**Your instructions:** Please set down only the lines below starting with the line with "Moskou/Rusland - Maart" and going on through the line with "KNOWN Fall 2019 Series App Banner.jpg", verbatim and without pictures.

**Records provided:**
○ ○ ○ ○

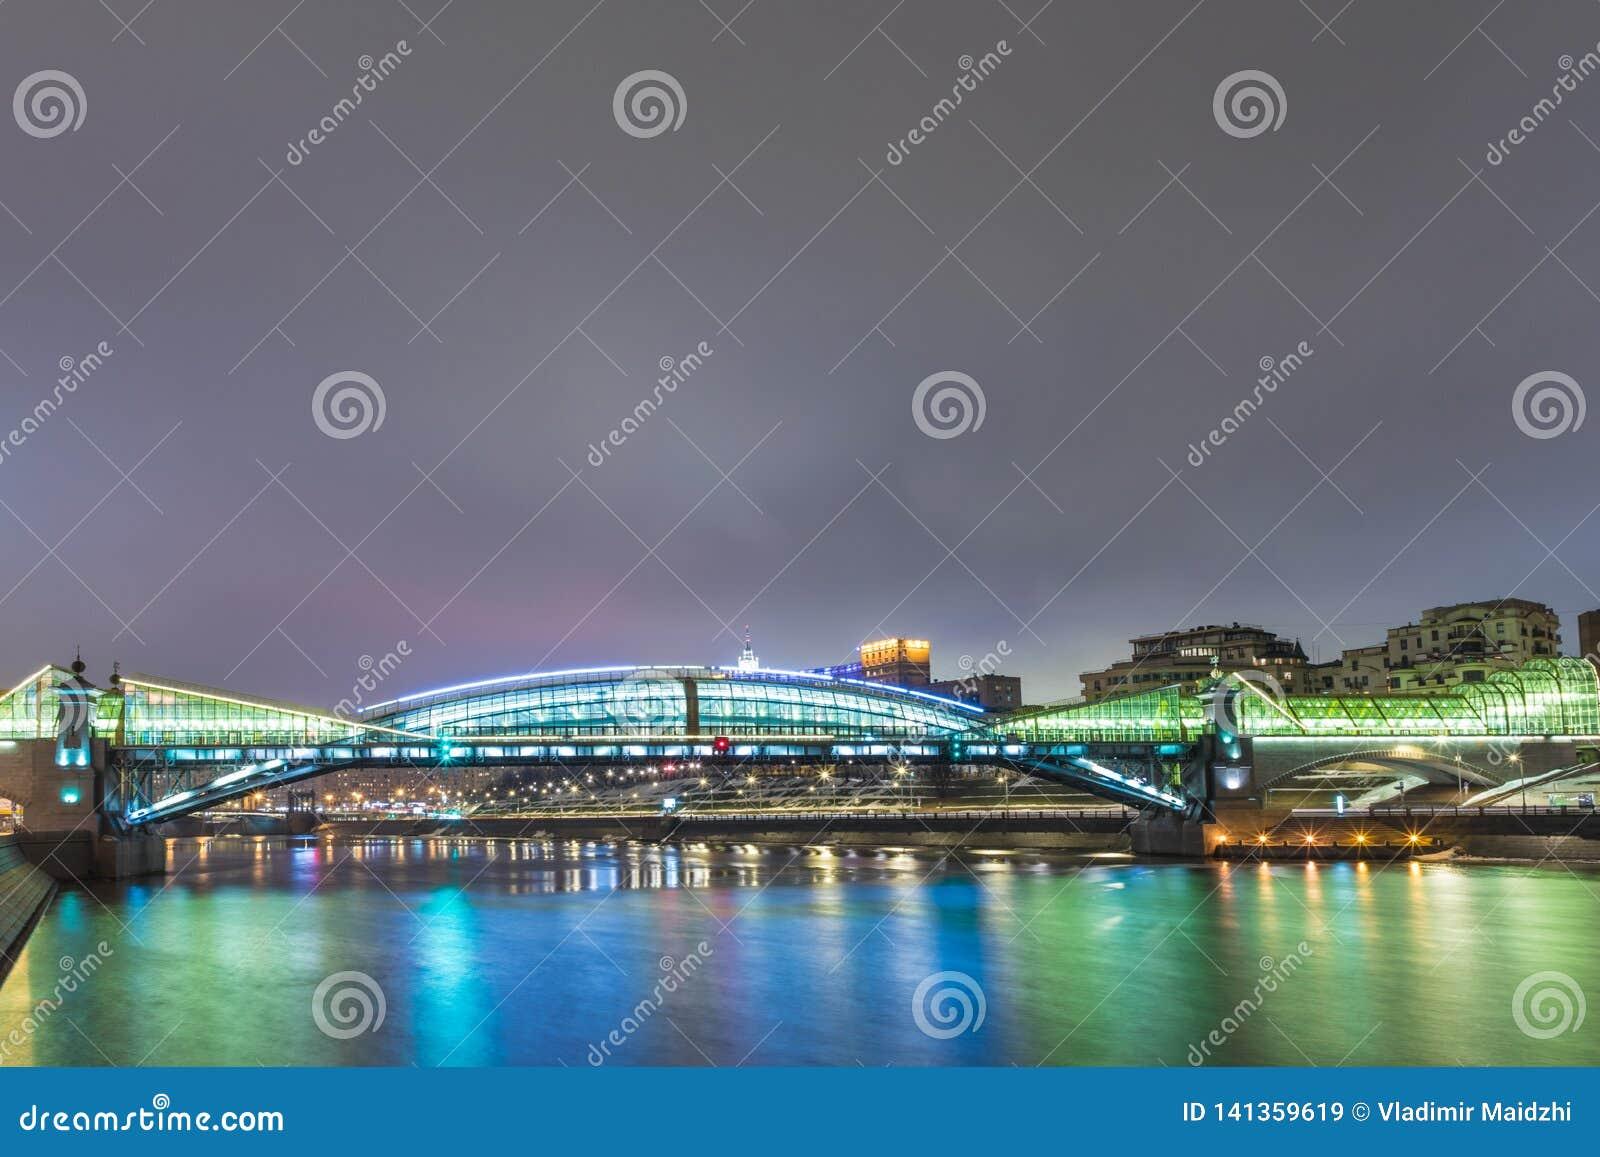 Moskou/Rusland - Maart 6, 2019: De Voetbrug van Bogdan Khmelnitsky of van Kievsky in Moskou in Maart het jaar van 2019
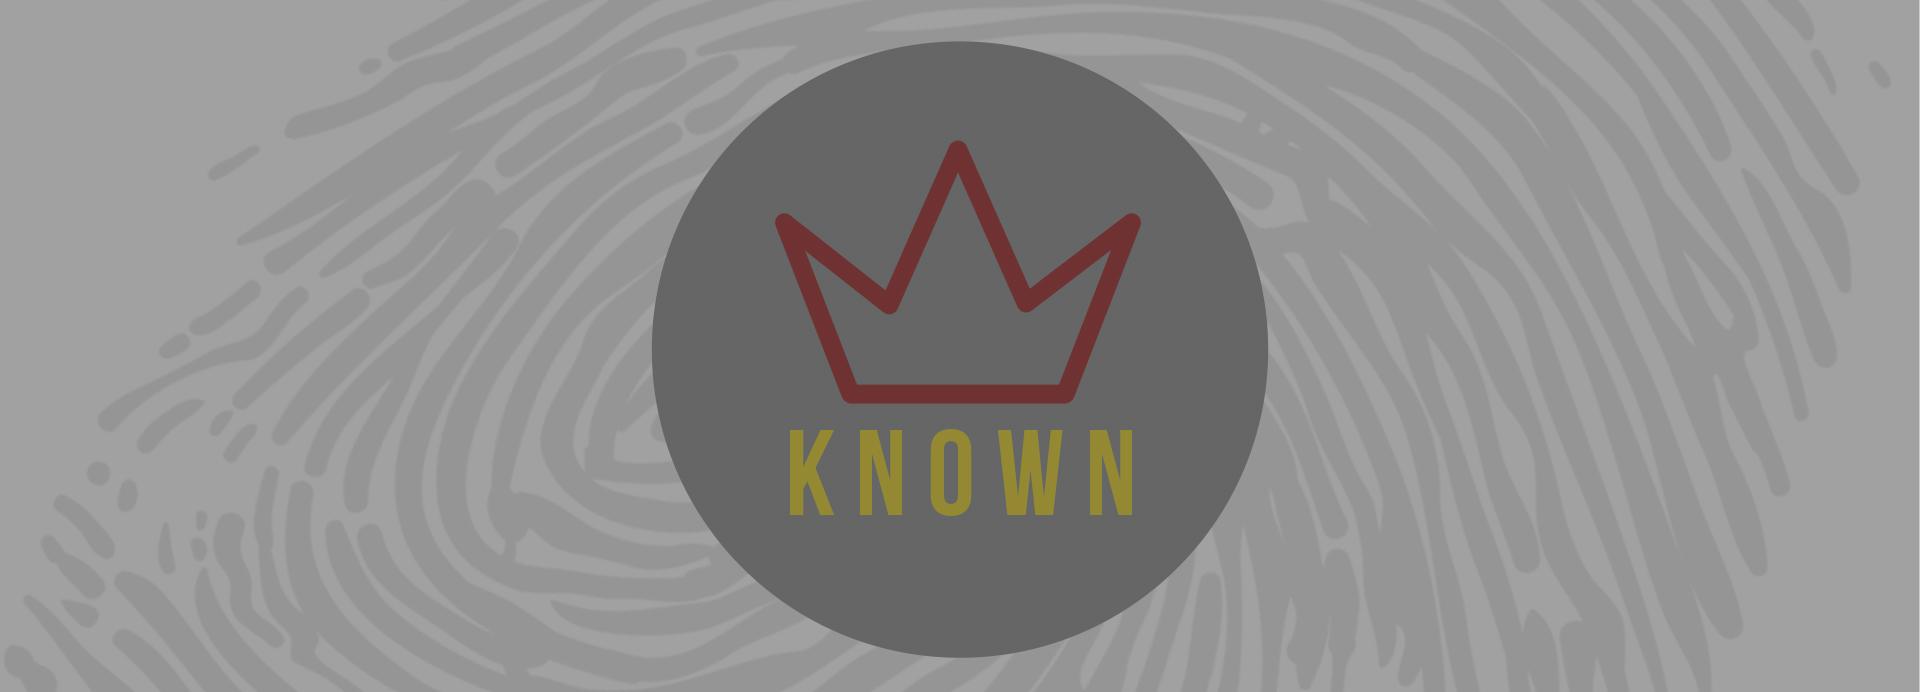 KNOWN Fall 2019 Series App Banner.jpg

○ ○ ○ ○

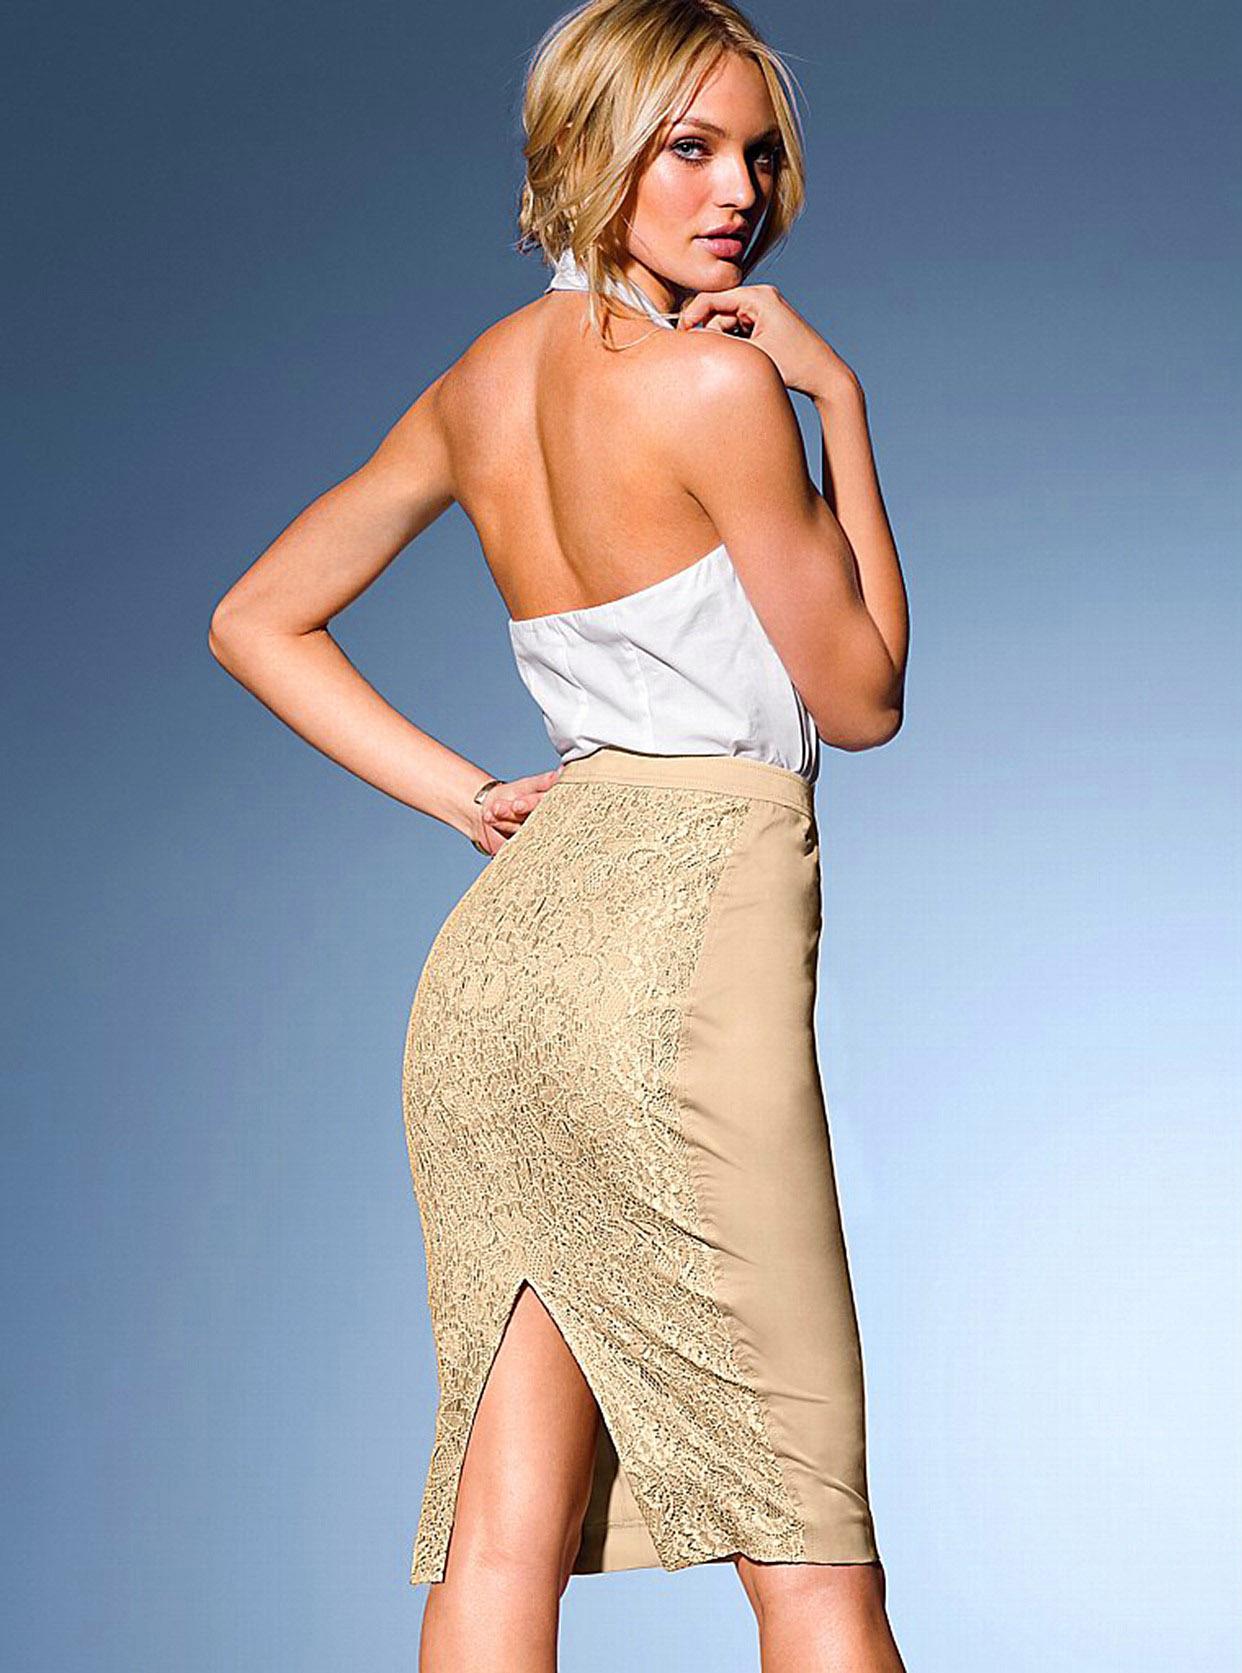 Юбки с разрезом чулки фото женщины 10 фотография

○ ○ ○ ○

**Result:**
 Moskou/Rusland - Maart 6, 2019: De Voetbrug van Bogdan Khmelnitsky of van Kievsky in Moskou in Maart het jaar van 2019
 KNOWN Fall 2019 Series App Banner.jpg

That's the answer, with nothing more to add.